## Exercise brief
Through the line that contains "techlife_poster.jpg", return the data below exactly, starting at its first line; leave the rest out.
--- START ---
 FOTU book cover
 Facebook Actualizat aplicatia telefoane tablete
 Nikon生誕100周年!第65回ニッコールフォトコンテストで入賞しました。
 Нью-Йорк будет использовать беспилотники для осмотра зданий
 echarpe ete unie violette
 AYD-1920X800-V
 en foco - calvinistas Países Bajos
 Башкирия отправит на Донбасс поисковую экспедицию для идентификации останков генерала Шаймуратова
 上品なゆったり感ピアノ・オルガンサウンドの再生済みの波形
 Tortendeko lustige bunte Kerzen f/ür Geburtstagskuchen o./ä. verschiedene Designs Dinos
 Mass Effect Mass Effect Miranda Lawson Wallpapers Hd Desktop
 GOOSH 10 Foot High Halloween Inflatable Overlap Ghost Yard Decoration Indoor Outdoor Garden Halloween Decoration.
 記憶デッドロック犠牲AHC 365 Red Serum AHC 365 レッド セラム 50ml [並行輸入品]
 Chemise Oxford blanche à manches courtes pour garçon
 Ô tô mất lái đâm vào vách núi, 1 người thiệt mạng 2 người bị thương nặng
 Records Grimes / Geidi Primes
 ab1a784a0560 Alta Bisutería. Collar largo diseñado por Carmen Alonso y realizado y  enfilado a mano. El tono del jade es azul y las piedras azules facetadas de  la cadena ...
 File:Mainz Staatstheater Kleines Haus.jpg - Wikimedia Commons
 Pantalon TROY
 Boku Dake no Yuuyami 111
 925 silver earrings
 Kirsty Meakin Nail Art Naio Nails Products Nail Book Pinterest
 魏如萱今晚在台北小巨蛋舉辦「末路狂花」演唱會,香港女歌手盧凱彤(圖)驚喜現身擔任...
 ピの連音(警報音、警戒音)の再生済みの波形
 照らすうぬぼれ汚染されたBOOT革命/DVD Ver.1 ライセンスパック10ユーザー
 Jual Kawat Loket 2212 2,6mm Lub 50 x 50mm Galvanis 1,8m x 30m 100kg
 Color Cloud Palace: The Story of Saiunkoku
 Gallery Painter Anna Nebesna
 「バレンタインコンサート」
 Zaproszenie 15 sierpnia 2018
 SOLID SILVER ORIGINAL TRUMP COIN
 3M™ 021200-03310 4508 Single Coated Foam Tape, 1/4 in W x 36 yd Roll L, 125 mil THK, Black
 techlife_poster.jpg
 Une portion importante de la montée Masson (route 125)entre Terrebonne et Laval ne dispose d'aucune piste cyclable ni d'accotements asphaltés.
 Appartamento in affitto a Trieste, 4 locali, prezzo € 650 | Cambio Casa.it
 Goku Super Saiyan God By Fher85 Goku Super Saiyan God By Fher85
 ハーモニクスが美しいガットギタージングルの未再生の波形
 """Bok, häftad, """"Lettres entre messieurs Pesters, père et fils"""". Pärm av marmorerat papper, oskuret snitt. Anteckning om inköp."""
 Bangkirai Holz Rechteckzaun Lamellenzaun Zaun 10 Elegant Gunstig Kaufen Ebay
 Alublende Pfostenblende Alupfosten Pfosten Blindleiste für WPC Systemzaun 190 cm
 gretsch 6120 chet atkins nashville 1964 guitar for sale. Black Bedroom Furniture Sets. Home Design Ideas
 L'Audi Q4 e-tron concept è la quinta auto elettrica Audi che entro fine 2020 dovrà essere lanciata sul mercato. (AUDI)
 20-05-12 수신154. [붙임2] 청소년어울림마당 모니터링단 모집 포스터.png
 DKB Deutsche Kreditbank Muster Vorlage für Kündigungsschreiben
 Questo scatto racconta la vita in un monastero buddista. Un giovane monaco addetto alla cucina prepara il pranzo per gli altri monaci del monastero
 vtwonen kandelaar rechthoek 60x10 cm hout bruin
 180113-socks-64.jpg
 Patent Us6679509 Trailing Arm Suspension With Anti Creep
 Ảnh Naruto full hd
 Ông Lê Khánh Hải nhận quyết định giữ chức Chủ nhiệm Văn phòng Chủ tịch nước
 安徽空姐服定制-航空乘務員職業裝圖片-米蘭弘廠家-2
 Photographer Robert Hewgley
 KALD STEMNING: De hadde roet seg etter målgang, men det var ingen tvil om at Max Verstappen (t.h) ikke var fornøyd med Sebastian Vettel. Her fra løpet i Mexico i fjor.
--- END ---
## Response area
 FOTU book cover
 Facebook Actualizat aplicatia telefoane tablete
 Nikon生誕100周年!第65回ニッコールフォトコンテストで入賞しました。
 Нью-Йорк будет использовать беспилотники для осмотра зданий
 echarpe ete unie violette
 AYD-1920X800-V
 en foco - calvinistas Países Bajos
 Башкирия отправит на Донбасс поисковую экспедицию для идентификации останков генерала Шаймуратова
 上品なゆったり感ピアノ・オルガンサウンドの再生済みの波形
 Tortendeko lustige bunte Kerzen f/ür Geburtstagskuchen o./ä. verschiedene Designs Dinos
 Mass Effect Mass Effect Miranda Lawson Wallpapers Hd Desktop
 GOOSH 10 Foot High Halloween Inflatable Overlap Ghost Yard Decoration Indoor Outdoor Garden Halloween Decoration.
 記憶デッドロック犠牲AHC 365 Red Serum AHC 365 レッド セラム 50ml [並行輸入品]
 Chemise Oxford blanche à manches courtes pour garçon
 Ô tô mất lái đâm vào vách núi, 1 người thiệt mạng 2 người bị thương nặng
 Records Grimes / Geidi Primes
 ab1a784a0560 Alta Bisutería. Collar largo diseñado por Carmen Alonso y realizado y  enfilado a mano. El tono del jade es azul y las piedras azules facetadas de  la cadena ...
 File:Mainz Staatstheater Kleines Haus.jpg - Wikimedia Commons
 Pantalon TROY
 Boku Dake no Yuuyami 111
 925 silver earrings
 Kirsty Meakin Nail Art Naio Nails Products Nail Book Pinterest
 魏如萱今晚在台北小巨蛋舉辦「末路狂花」演唱會,香港女歌手盧凱彤(圖)驚喜現身擔任...
 ピの連音(警報音、警戒音)の再生済みの波形
 照らすうぬぼれ汚染されたBOOT革命/DVD Ver.1 ライセンスパック10ユーザー
 Jual Kawat Loket 2212 2,6mm Lub 50 x 50mm Galvanis 1,8m x 30m 100kg
 Color Cloud Palace: The Story of Saiunkoku
 Gallery Painter Anna Nebesna
 「バレンタインコンサート」
 Zaproszenie 15 sierpnia 2018
 SOLID SILVER ORIGINAL TRUMP COIN
 3M™ 021200-03310 4508 Single Coated Foam Tape, 1/4 in W x 36 yd Roll L, 125 mil THK, Black
 techlife_poster.jpg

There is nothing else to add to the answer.